Dataset extract:
================
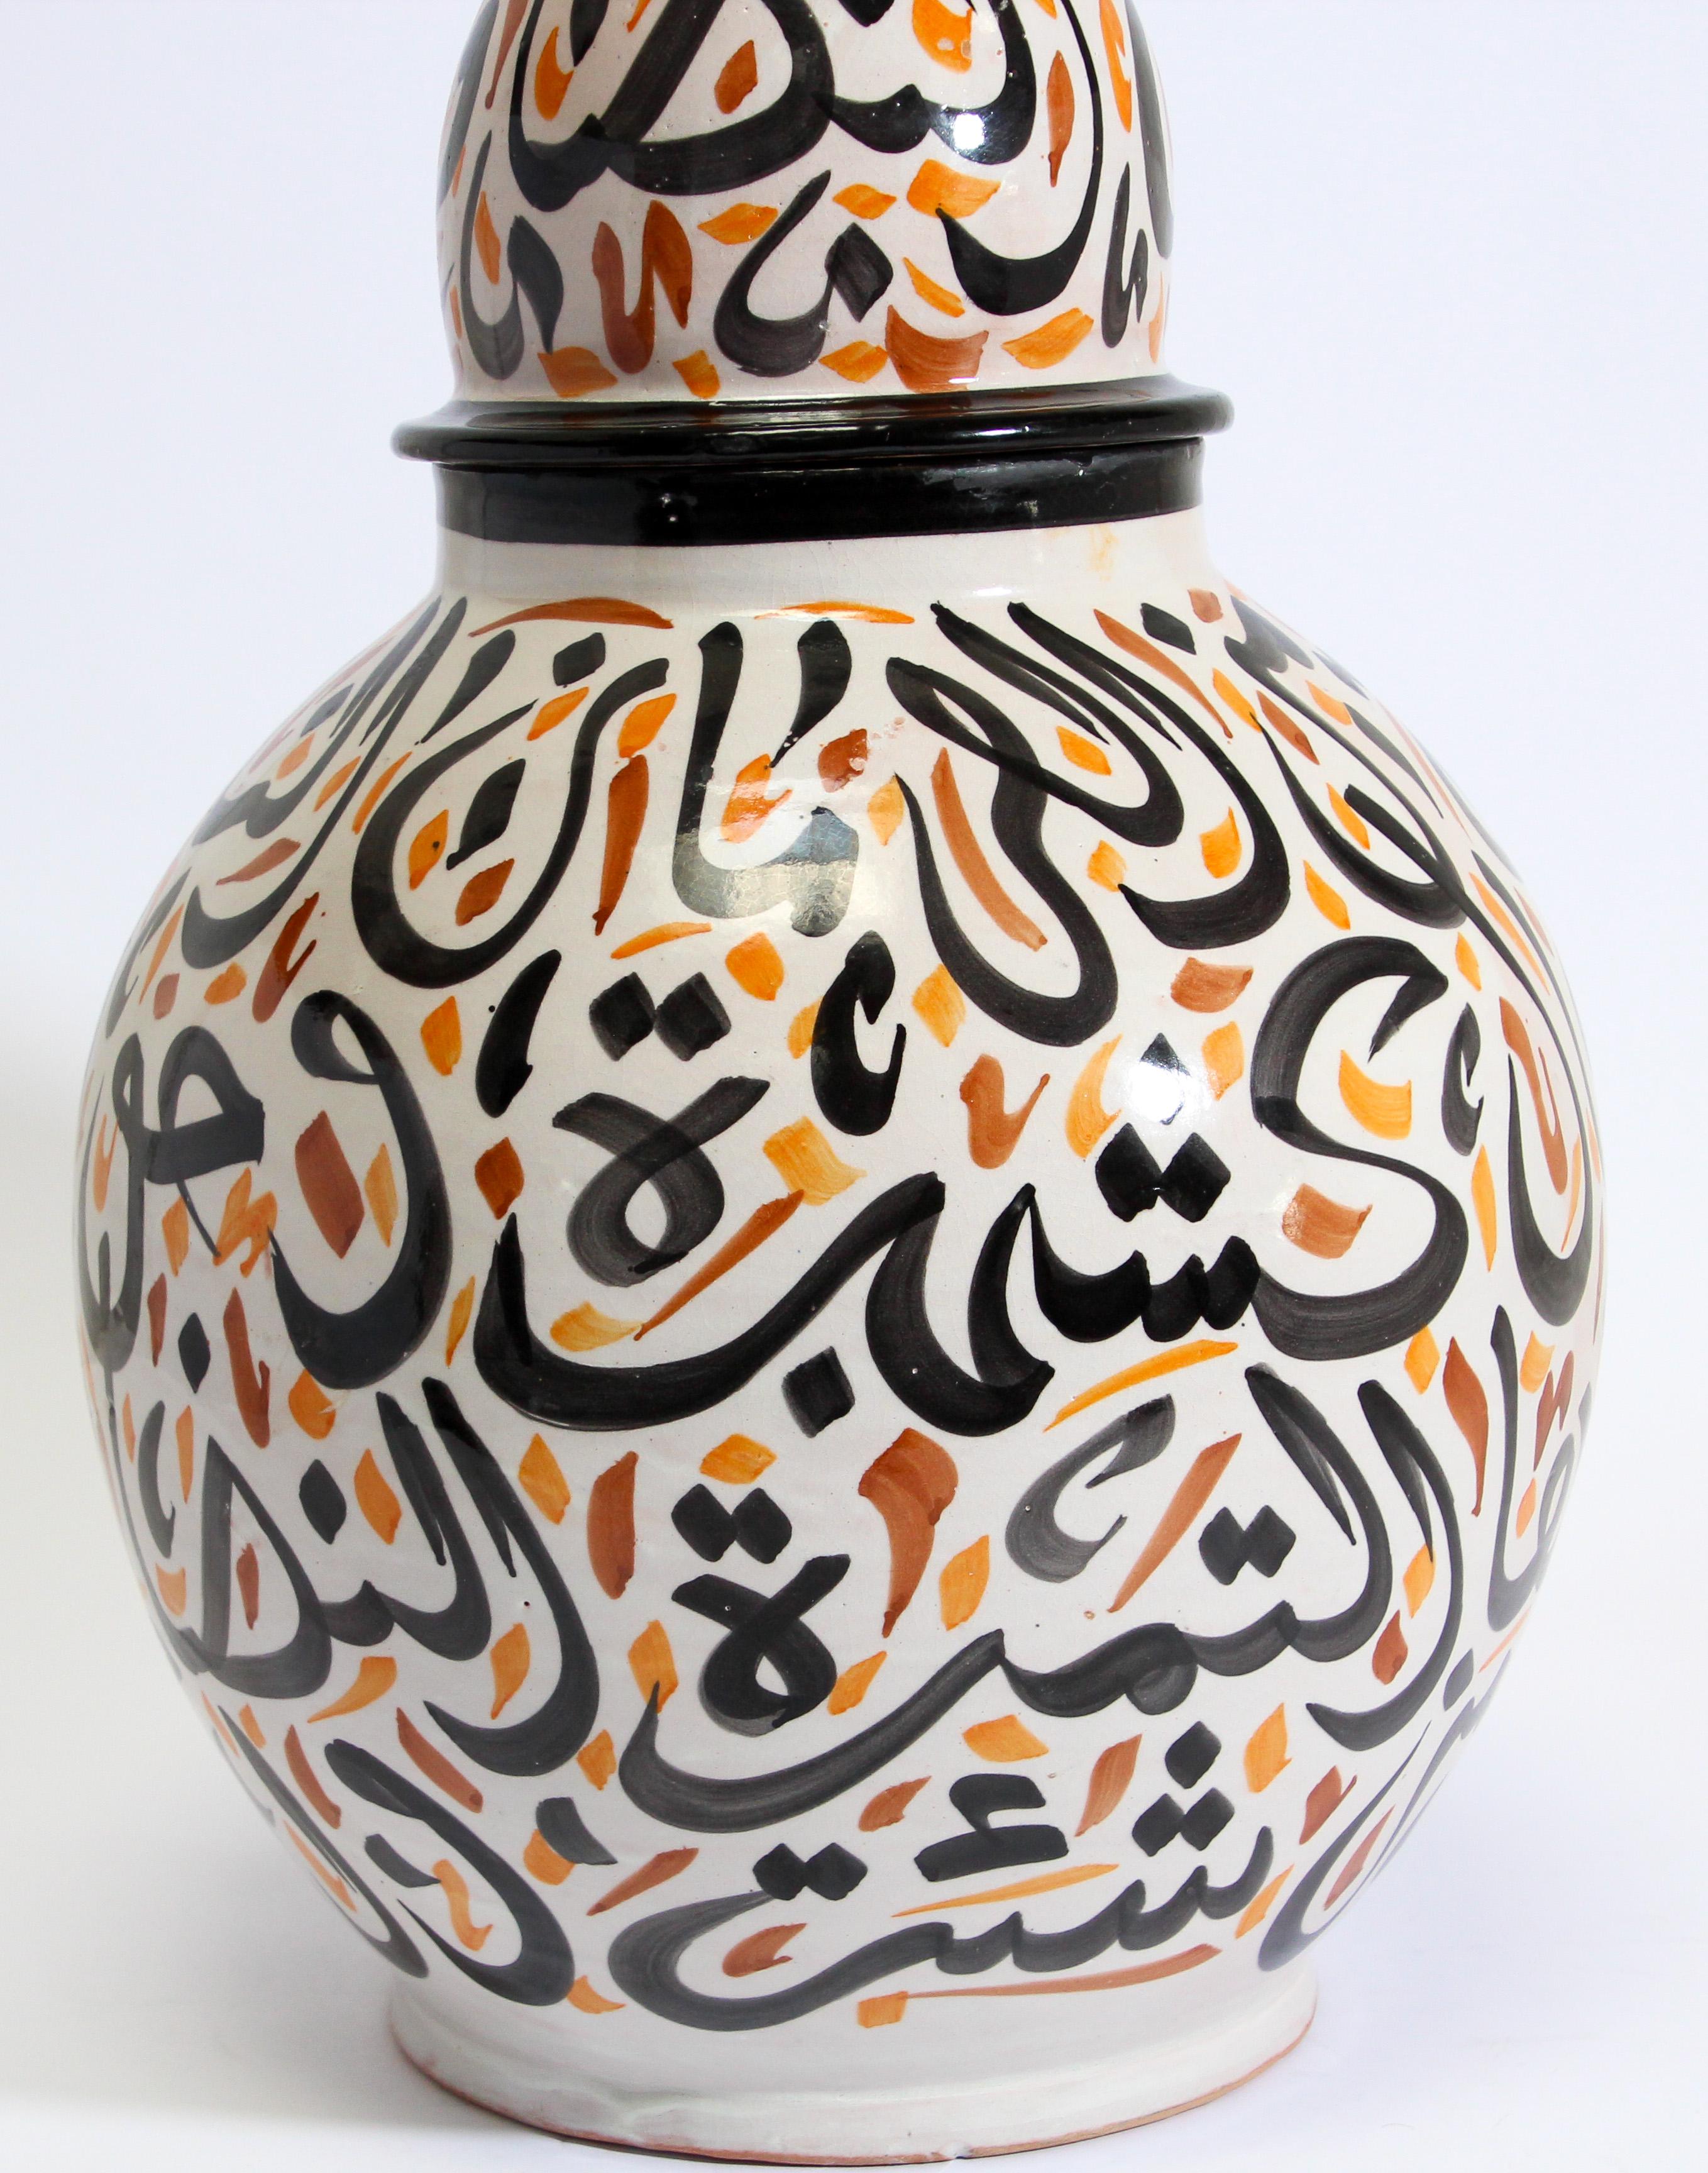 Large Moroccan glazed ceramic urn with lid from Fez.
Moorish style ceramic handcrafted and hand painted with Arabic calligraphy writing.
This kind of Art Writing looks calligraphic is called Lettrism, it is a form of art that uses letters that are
================
Task to carry out: Quote the full listing above word for word; exclude every picture from the copy.

Response area:
 Large Moroccan glazed ceramic urn with lid from Fez.
Moorish style ceramic handcrafted and hand painted with Arabic calligraphy writing.
This kind of Art Writing looks calligraphic is called Lettrism, it is a form of art that uses letters that are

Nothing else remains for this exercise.